Chase looked at him, his mouth shut, but his eyes defiant.
“Okay, buddy,” said Gudger. “Don’t say I didn’t warn you.” He uncapped the bottle of red-orange liquid and started sprinkling it all over the boy’s poison ivy welts. Seconds later tears came to the boy’s eyes, then he started twisting and squirming as if fire ants were attacking him. He turned to run to the bathroom, but Gudger grabbed his hair and held him in place.
“You answer my question, you can wash that stuff off. Until then, you’re staying right here.”
Chase held out through two more applications of hot sauce, then as Gudger uncorked the bottle for the third time, he started to cry.
“I went to see her about Sam,” he confessed, gasping as snot began to drip from his nose.
“How’d you get up there?” cried Gudger. “Asheville’s a long way away.”
“I hitched a ride on a peach truck.”
Gudger looked at the boy, stunned. The fact that Shithead had hitched a ride to anywhere seemed as unlikely as his going out for the football team. “What did you tell her about Samantha?”
Twitching, the boy furiously scratched the welts on his arms. “I told her I didn’t think the cops here had done enough about her.”
“What did she say?”
“She said she’d look into it.” He wiped his nose. “Then she brought me home.”
Gudger glared at him, hot sauce in hand. “What else?”
“Nothing,” the boy said, miserable. “There wasn’t nothing else to tell.”
“Why was she up here on the porch?”
“She said nobody ever answers our phone, so she came by. She said Sam probably ran off with some boy, just like everybody else thinks.”

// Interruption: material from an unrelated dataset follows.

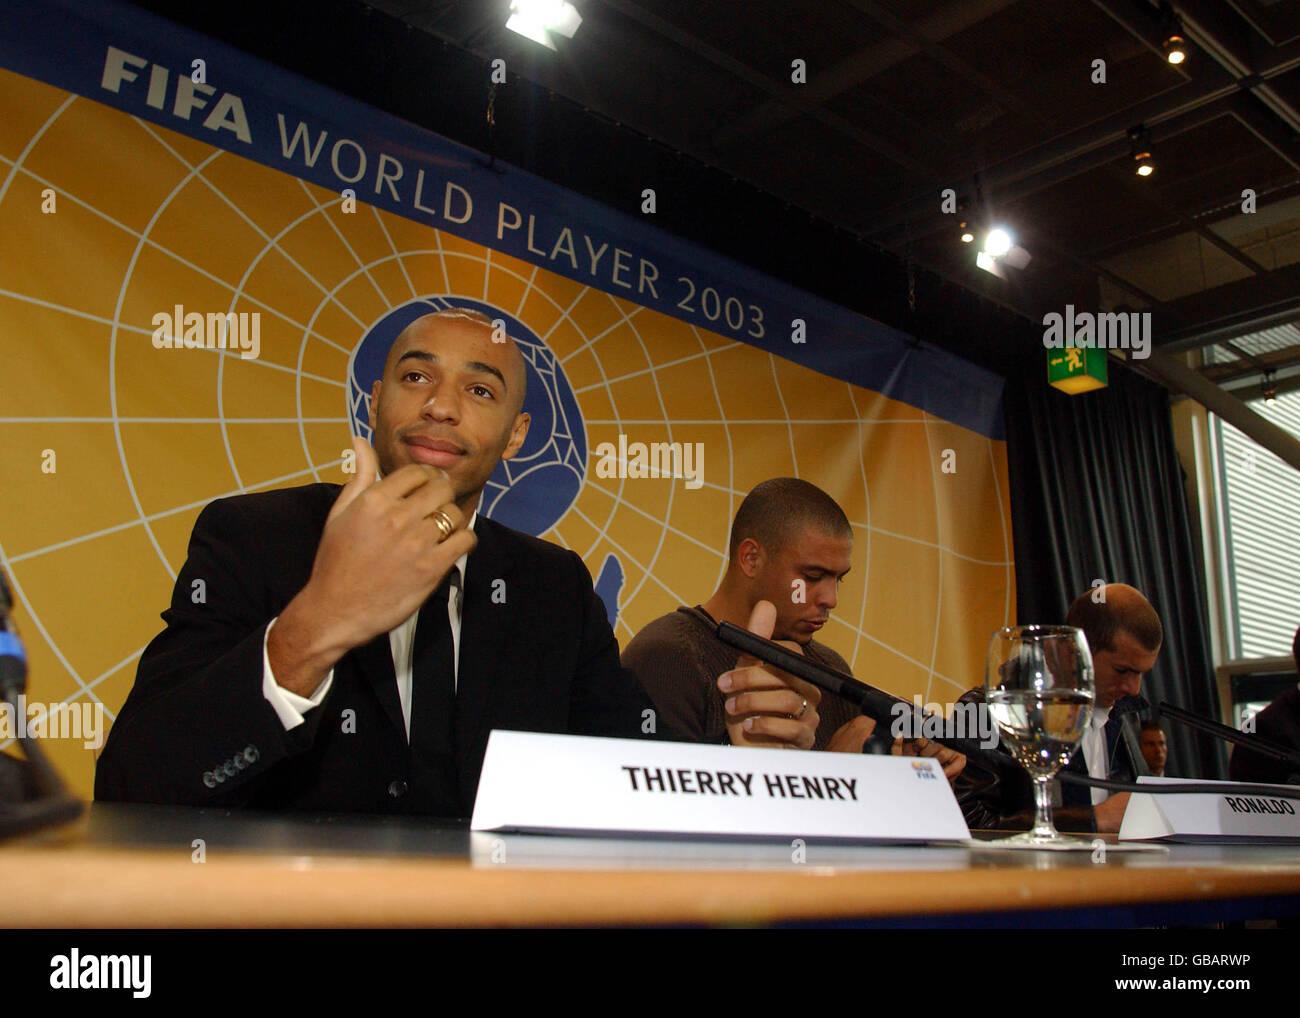 Soccer -Fifa World Player Award - Stock Image

Gudger looked at the kid. He doubted he was telling the whole story, but between the poison ivy and the hot sauce and the dripping snot, he was a mess. It
was going on five o’clock; Amy would be home soon. Though Amy was as flat a doormat as you’d find, she would not be pleased if she came home and found her precious son looking like this. “I’m not done with you, but for now, go get that stuff washed off.”

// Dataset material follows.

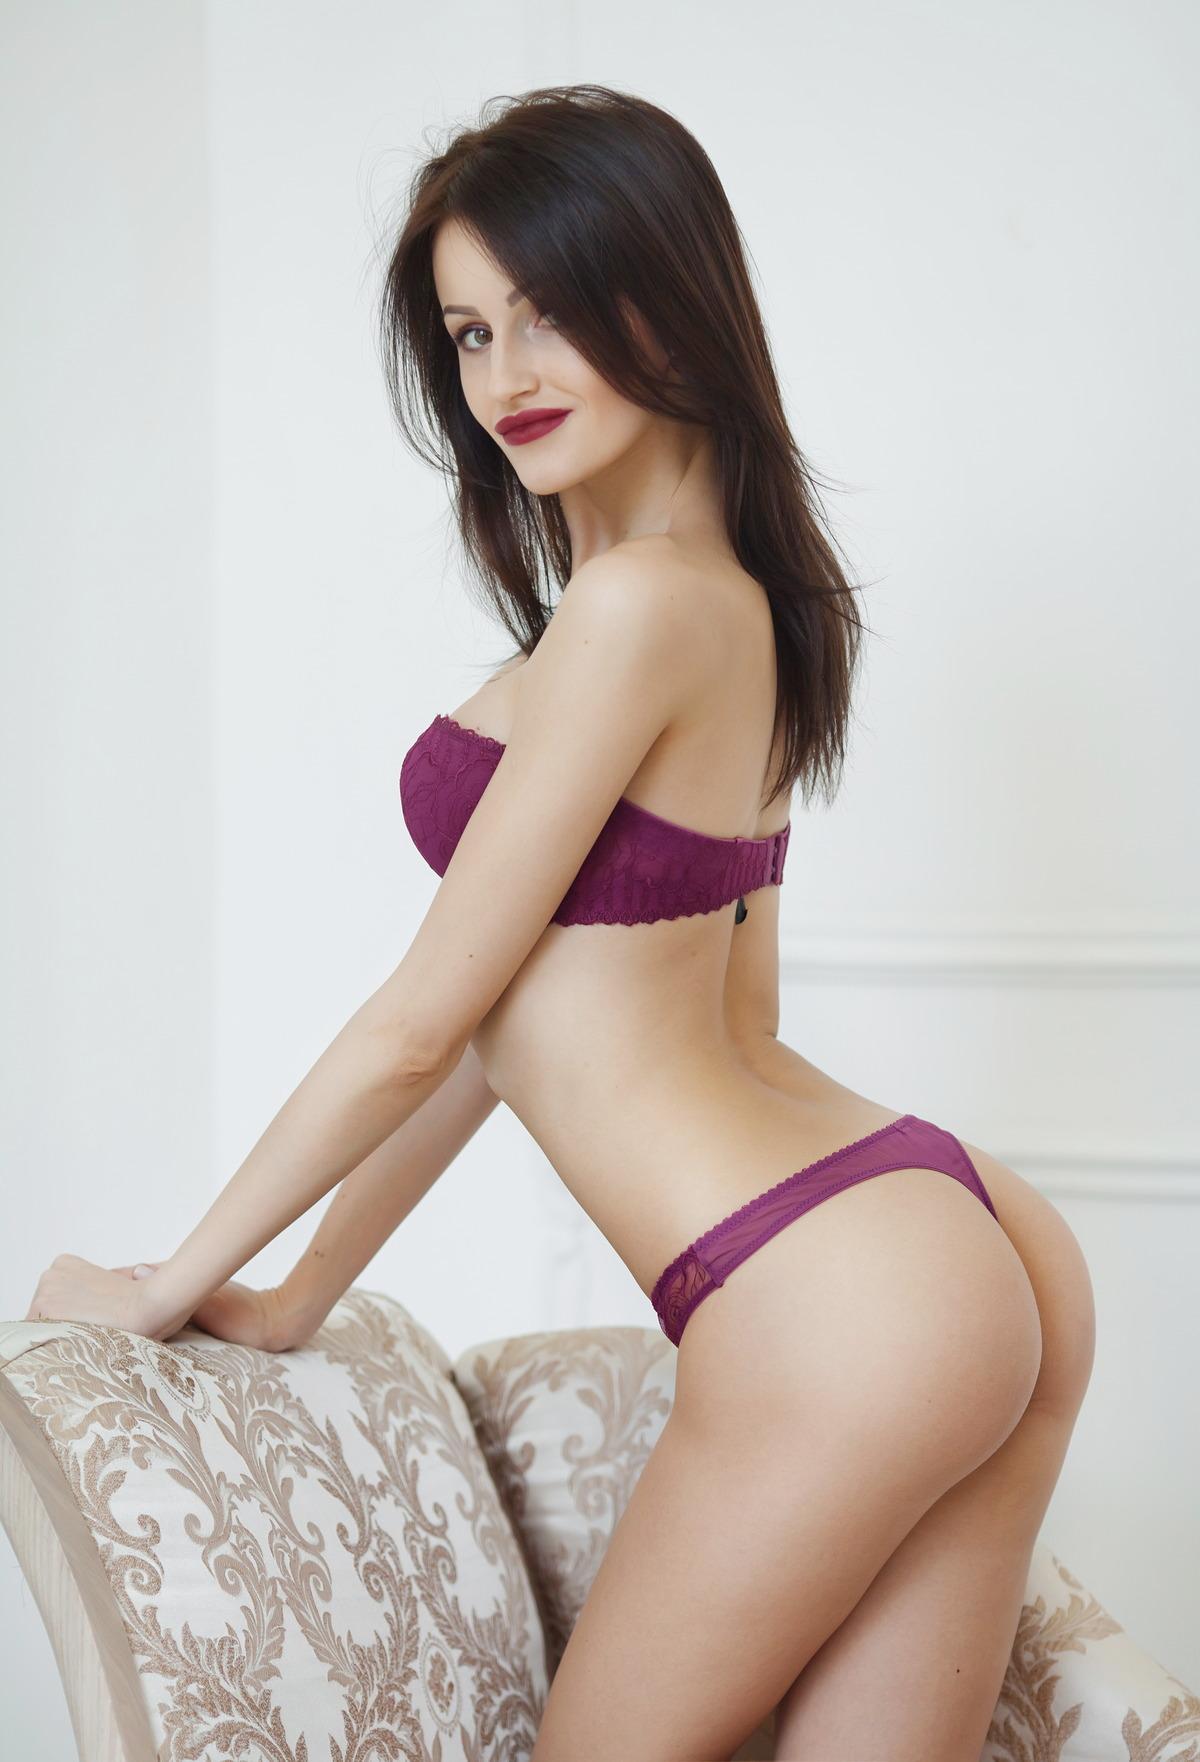 Sexy Girl zeigt Knackpo

Weeping, the little boy ran to the bathroom.
“Just remember I gave you the chance to act like a man, Chase,” Gudger yelled through the door. “So don’t you go whining to your mama when she comes home.”

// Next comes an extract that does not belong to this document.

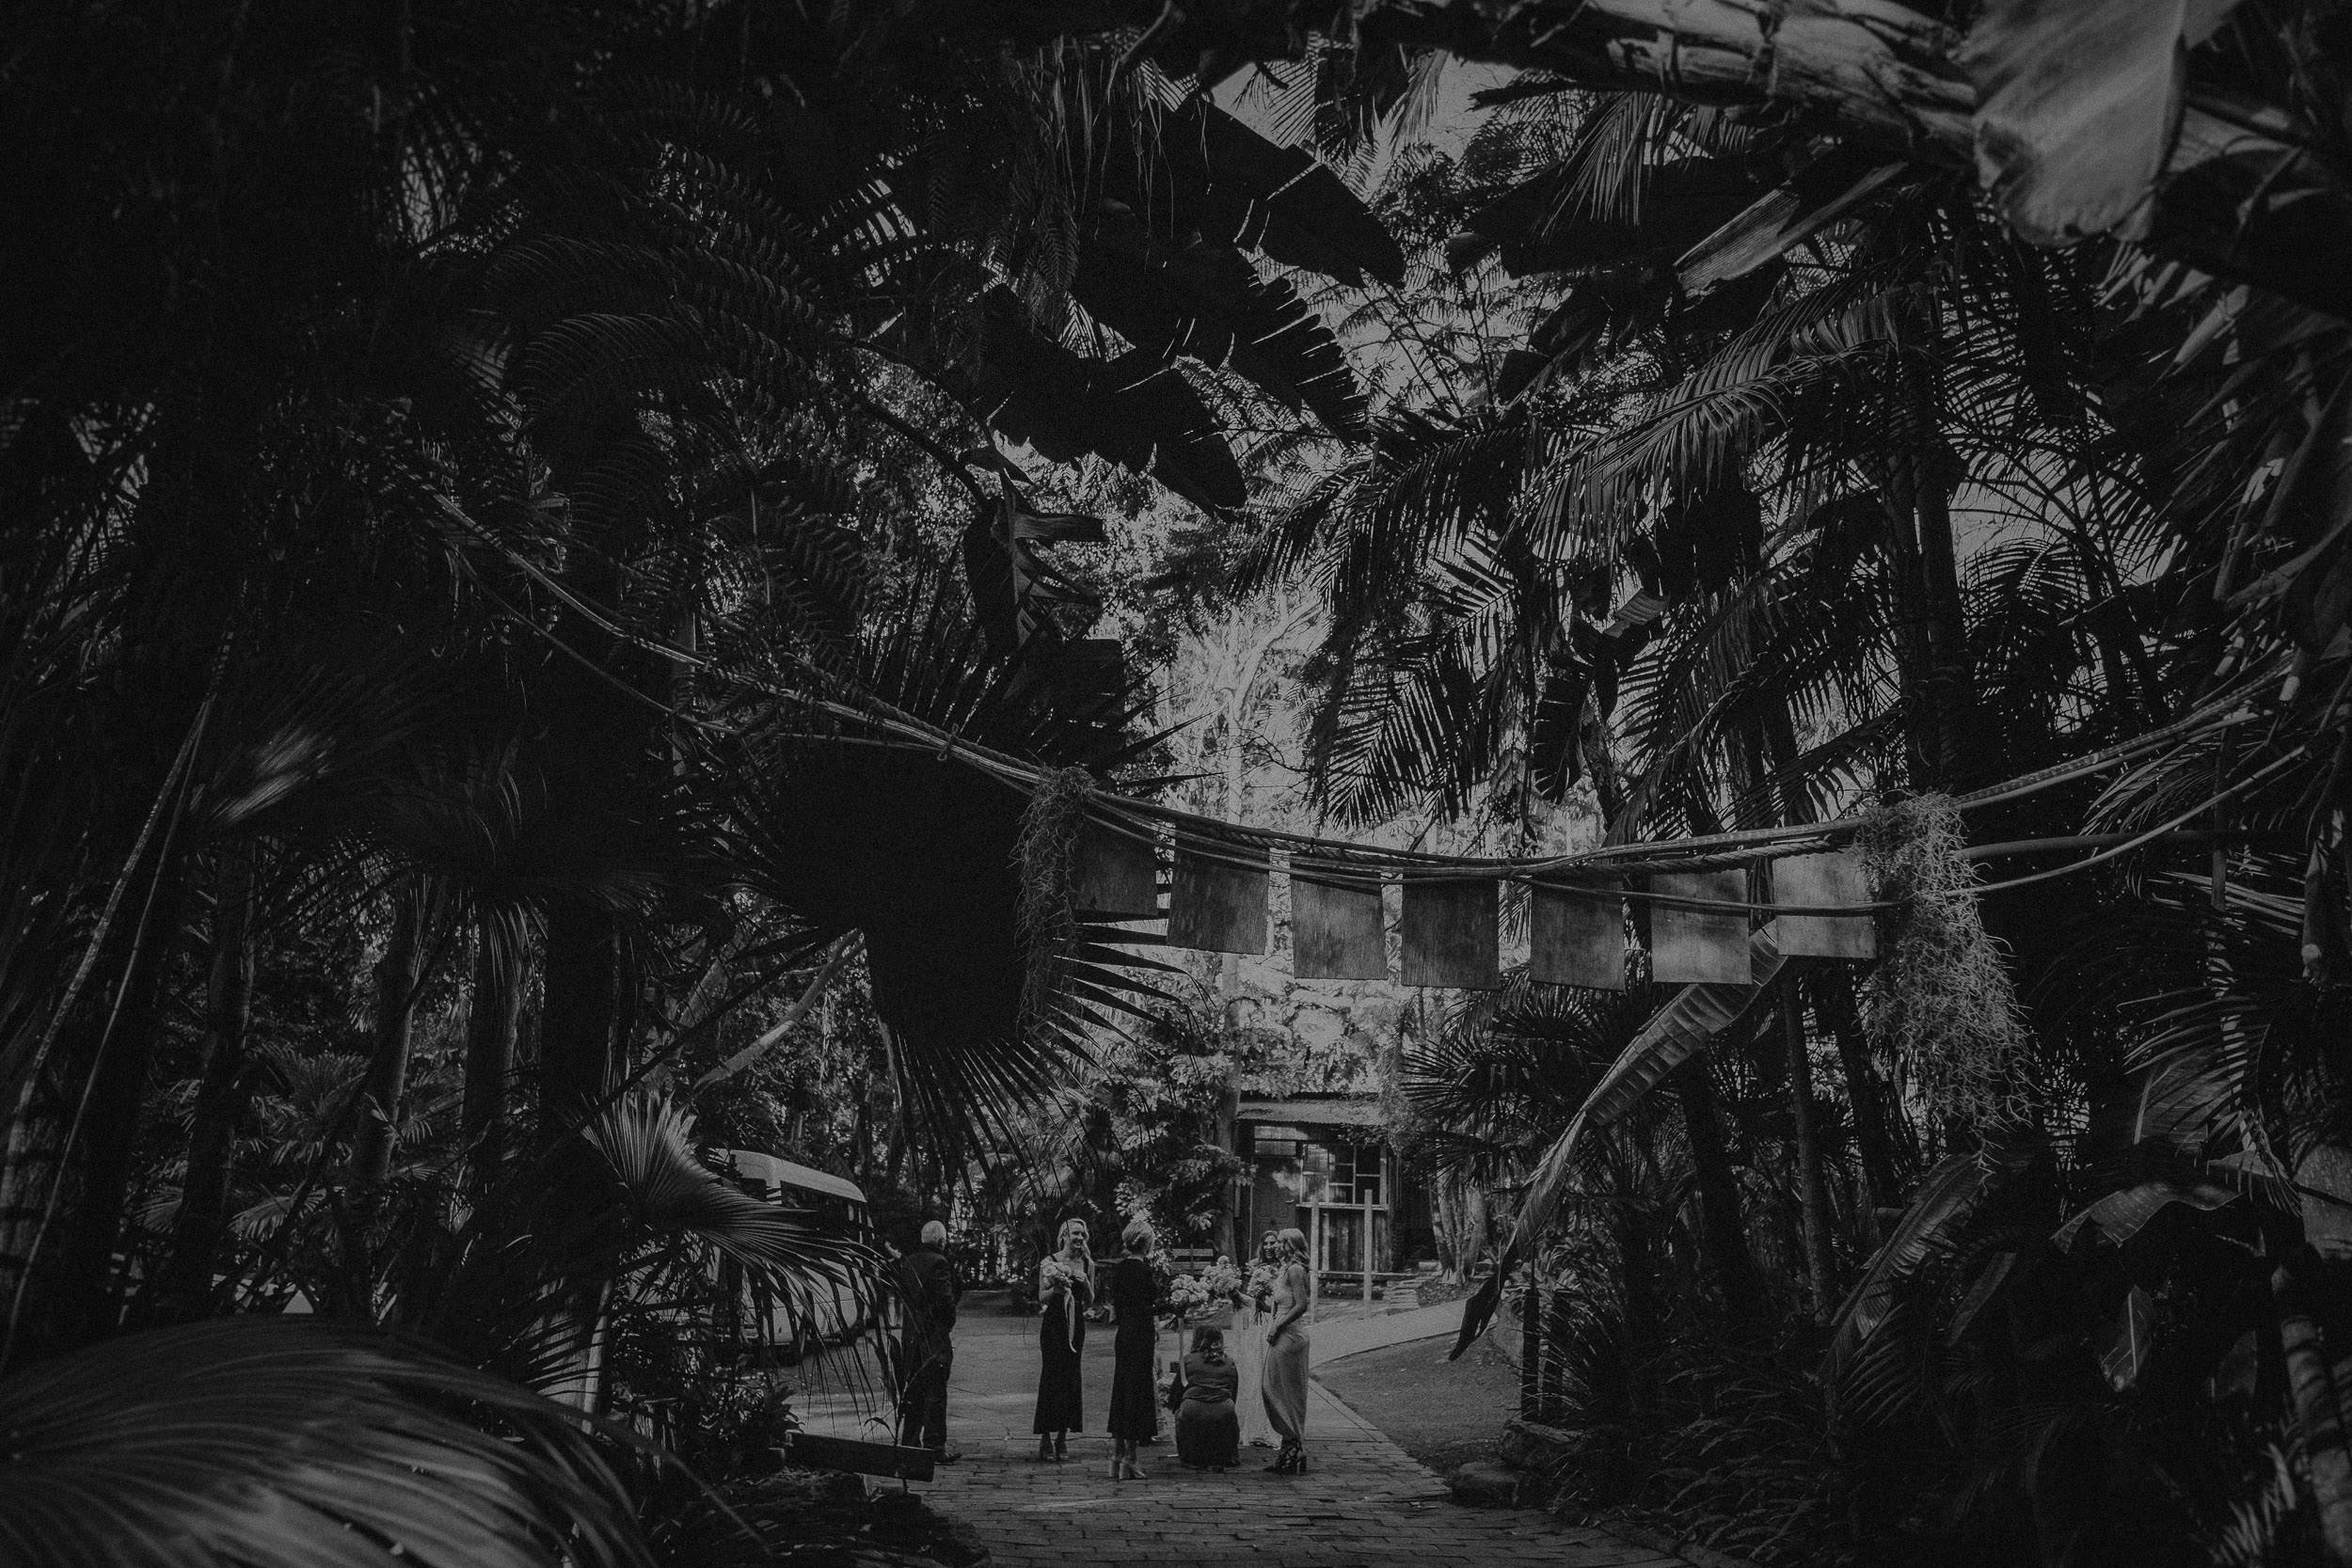 S&A Elopement - Kings & Thieves - Shred 'Til Dead - Central Coast Beach Forest Wedding - 152.jpg

While the boy went to clean himself off, Gudger retreated to the garage. He closed and locked the door behind him, then he reached behind the paint cans on one high shelf and pulled out a bottle of Wild Turkey. He took a long pull, trying to slow the edgy thrumming that echoed in his head. He needed to calm down, think about the best thing to do. Had Shithead actually put everything together? All the stupid kid did was read books and watch the History Channel. Yet he’d connected the dots better than every cop in the county and then blabbed his stupid, crackpot theory to the governor’s girl in Asheville.
“Damn!” he whispered, taking another swallow of whiskey. “Who knew the little fuck was so smart?”
Now the question was, how much had Shithead figured out? And what had he told this Mary Crow? She’d seemed friendly enough when they talked, going on about being a stepparent. Still, there was something about her—behind the mascara and the pretty smile, her eyes were bright as a hawk’s, watching him in a way that made him nervous inside.
Suddenly, he heard a car coming up the driveway. For an instant he panicked, thinking it was Mary Crow coming back, this time bringing real cops with her. But when he looked out the window—he saw only Amy’s Dodge. Damn, he thought. I need to get back inside before Shithead rats me out. But before that, he needed to call Smiley. Whatever trouble Shithead might cause would be a picnic in the park compared to what Smiley could do. Taking a steadying slug of whiskey, he pulled out his cell phone and punched in the first number on speed dial. Smiley answered immediately, his voice a growl.
“Smiley, this is Gudger.”
“Yeah?”
Gudger swallowed hard, the Wild Turkey threatening to fly back up his throat. “We may have a problem.”